SUPPLIED DATA Block Start

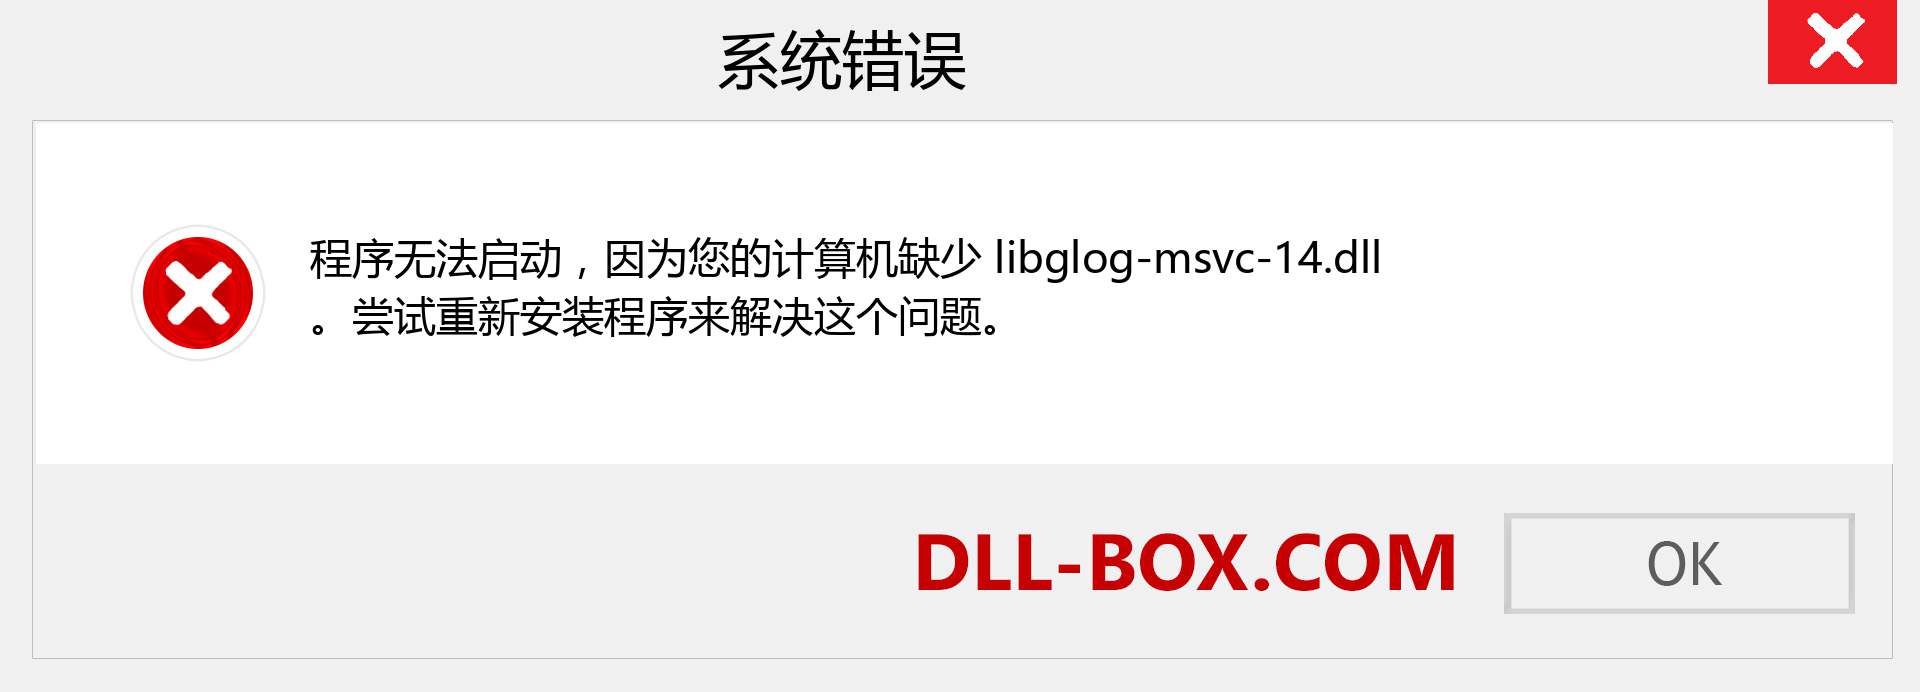 libglog-msvc-14.dll 文件丢失？。 适用于 Windows 7、8、10 的下载 - 修复 Windows、照片、图像上的 libglog-msvc-14 dll 丢失错误
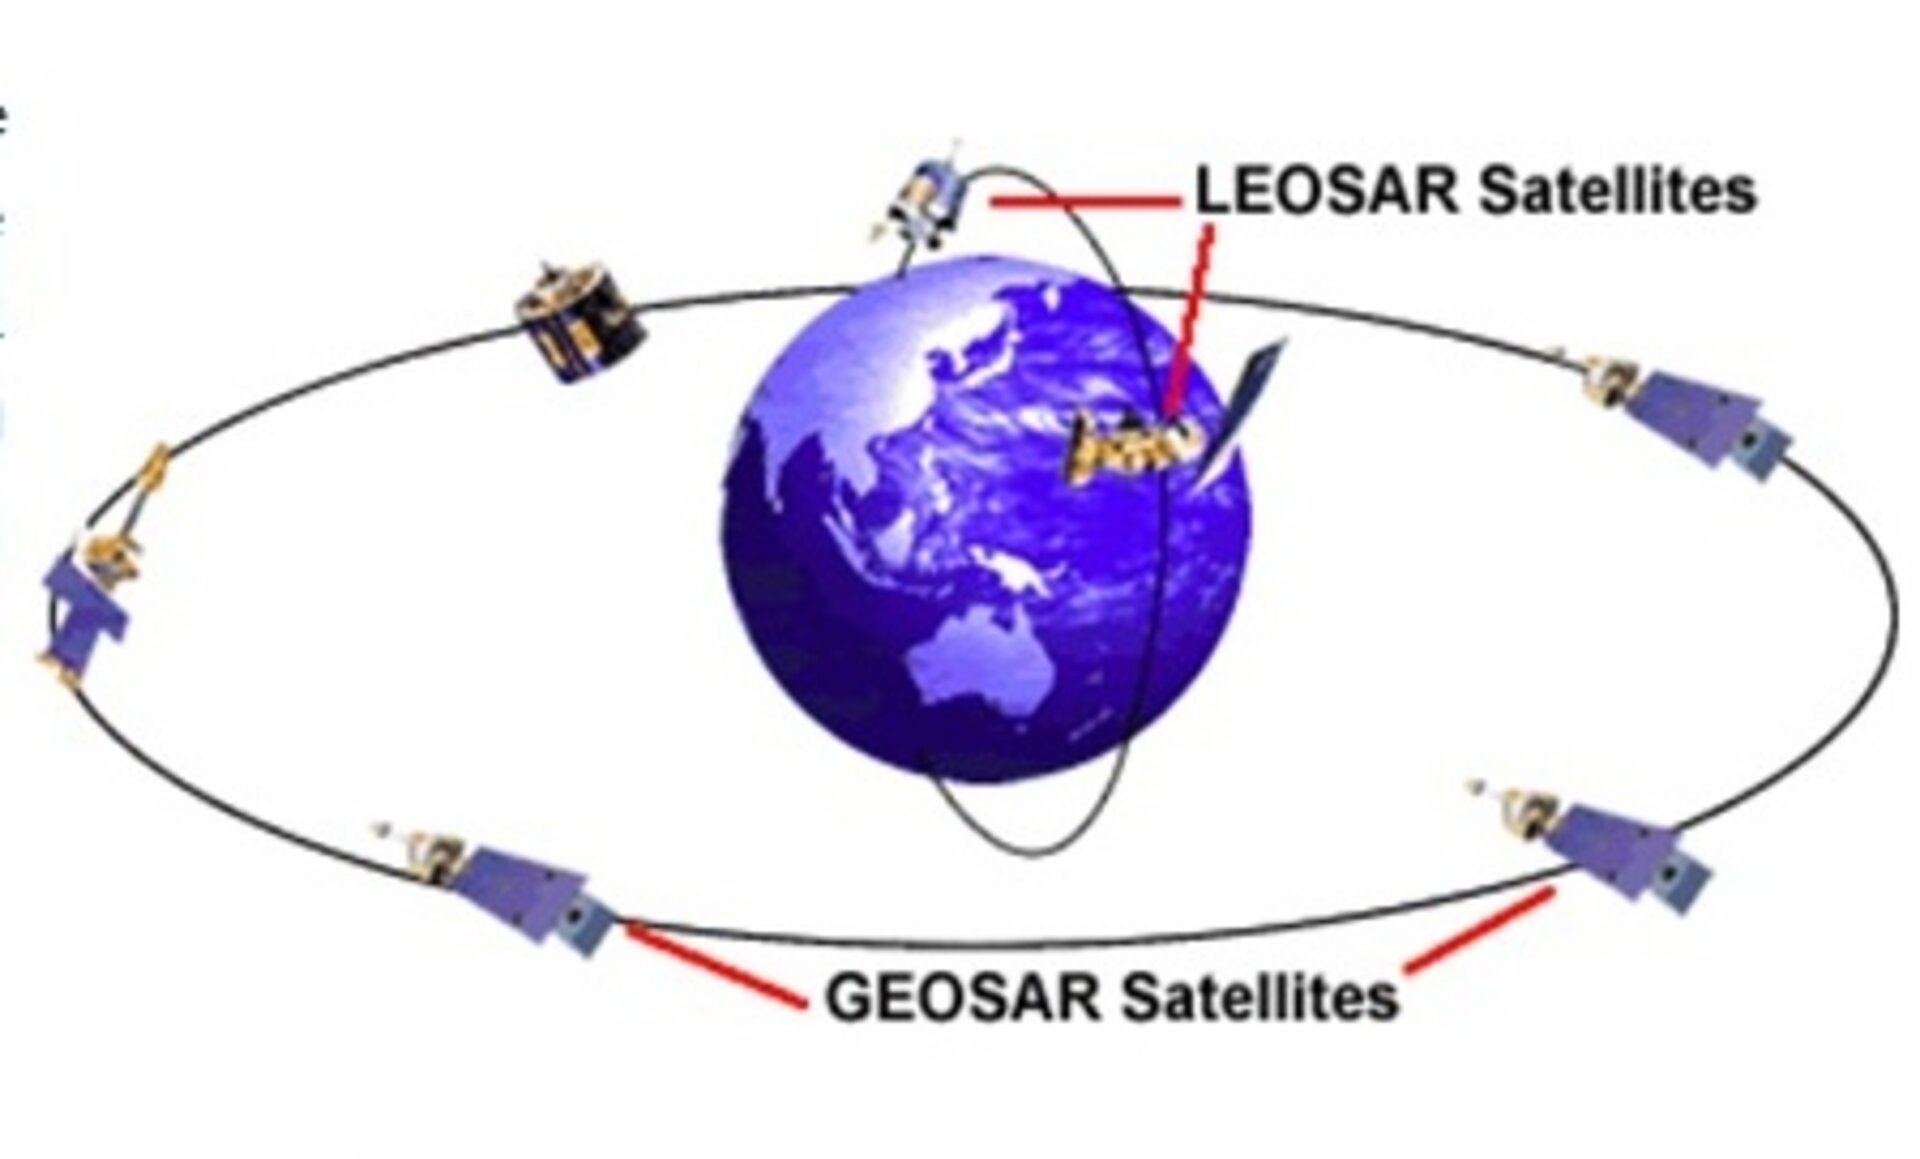 'LEOSAR' and 'GEOSAR' satellites
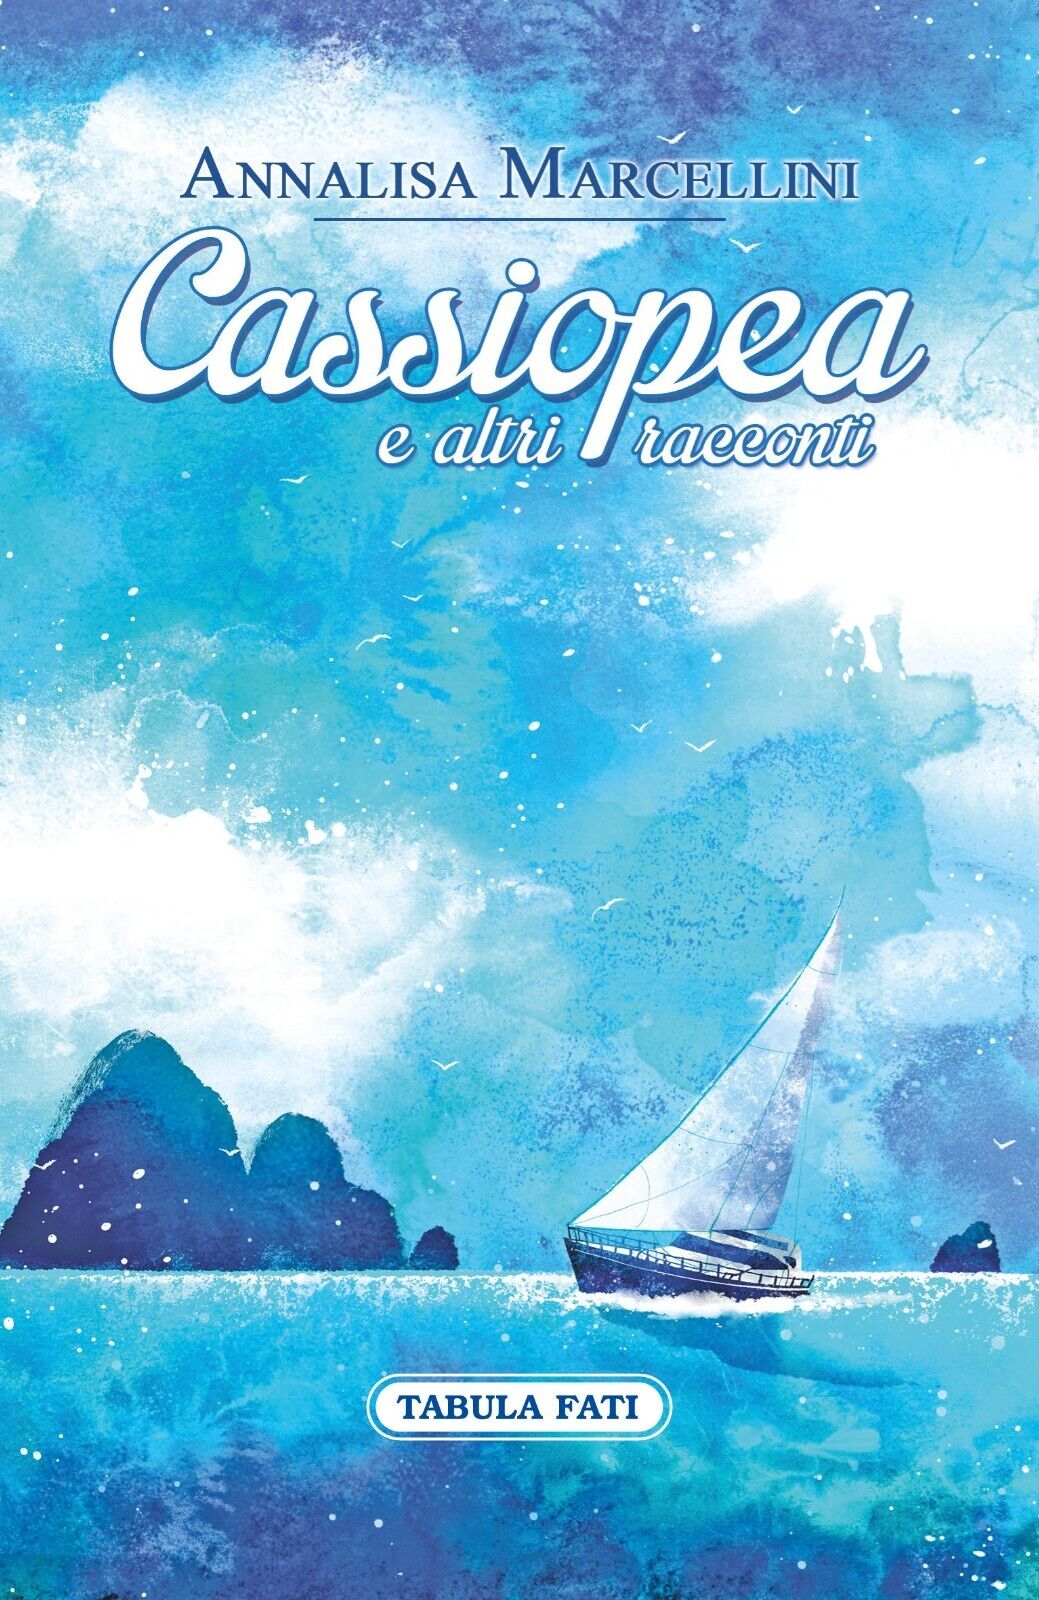 Cassiopea e altri racconti di Annalisa Marcellini, 2015, Tabula Fati
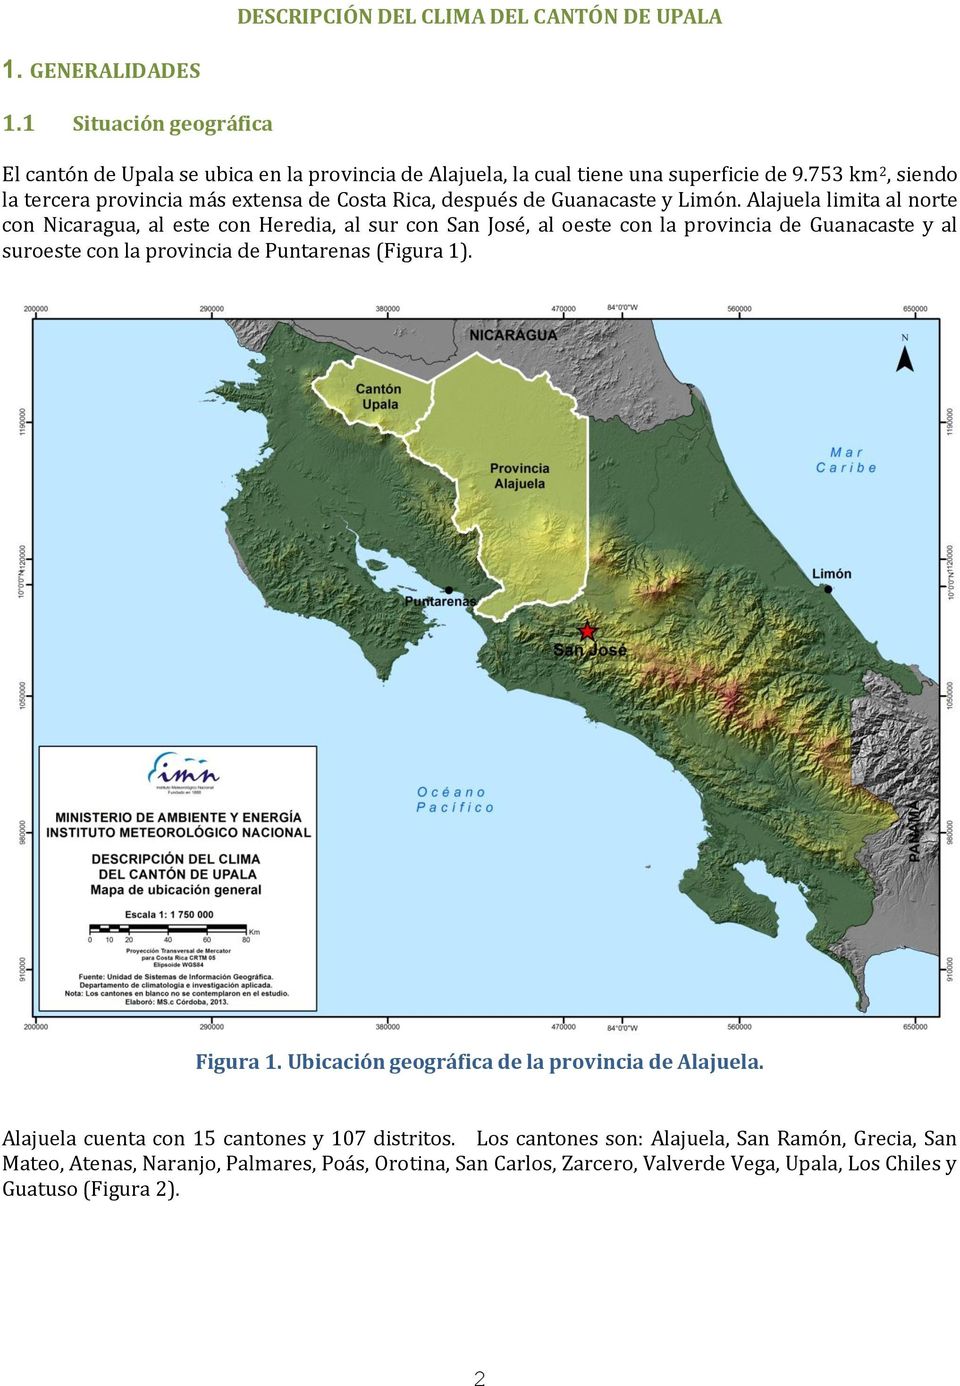 Alajuela limita al norte con Nicaragua, al este con Heredia, al sur con San José, al oeste con la provincia de Guanacaste y al suroeste con la provincia de Puntarenas (Figura 1).

SUPPLIED DATA Block End

Write out every line above again exactly, with the pictures left out.

 libglog-msvc-14.dll 文件丢失？。 适用于 Windows 7、8、10 的下载 - 修复 Windows、照片、图像上的 libglog-msvc-14 dll 丢失错误
 'LEOSAR' and 'GEOSAR' satellites
 Cassiopea e altri racconti di Annalisa Marcellini, 2015, Tabula Fati
 Alajuela limita al norte con Nicaragua, al este con Heredia, al sur con San José, al oeste con la provincia de Guanacaste y al suroeste con la provincia de Puntarenas (Figura 1).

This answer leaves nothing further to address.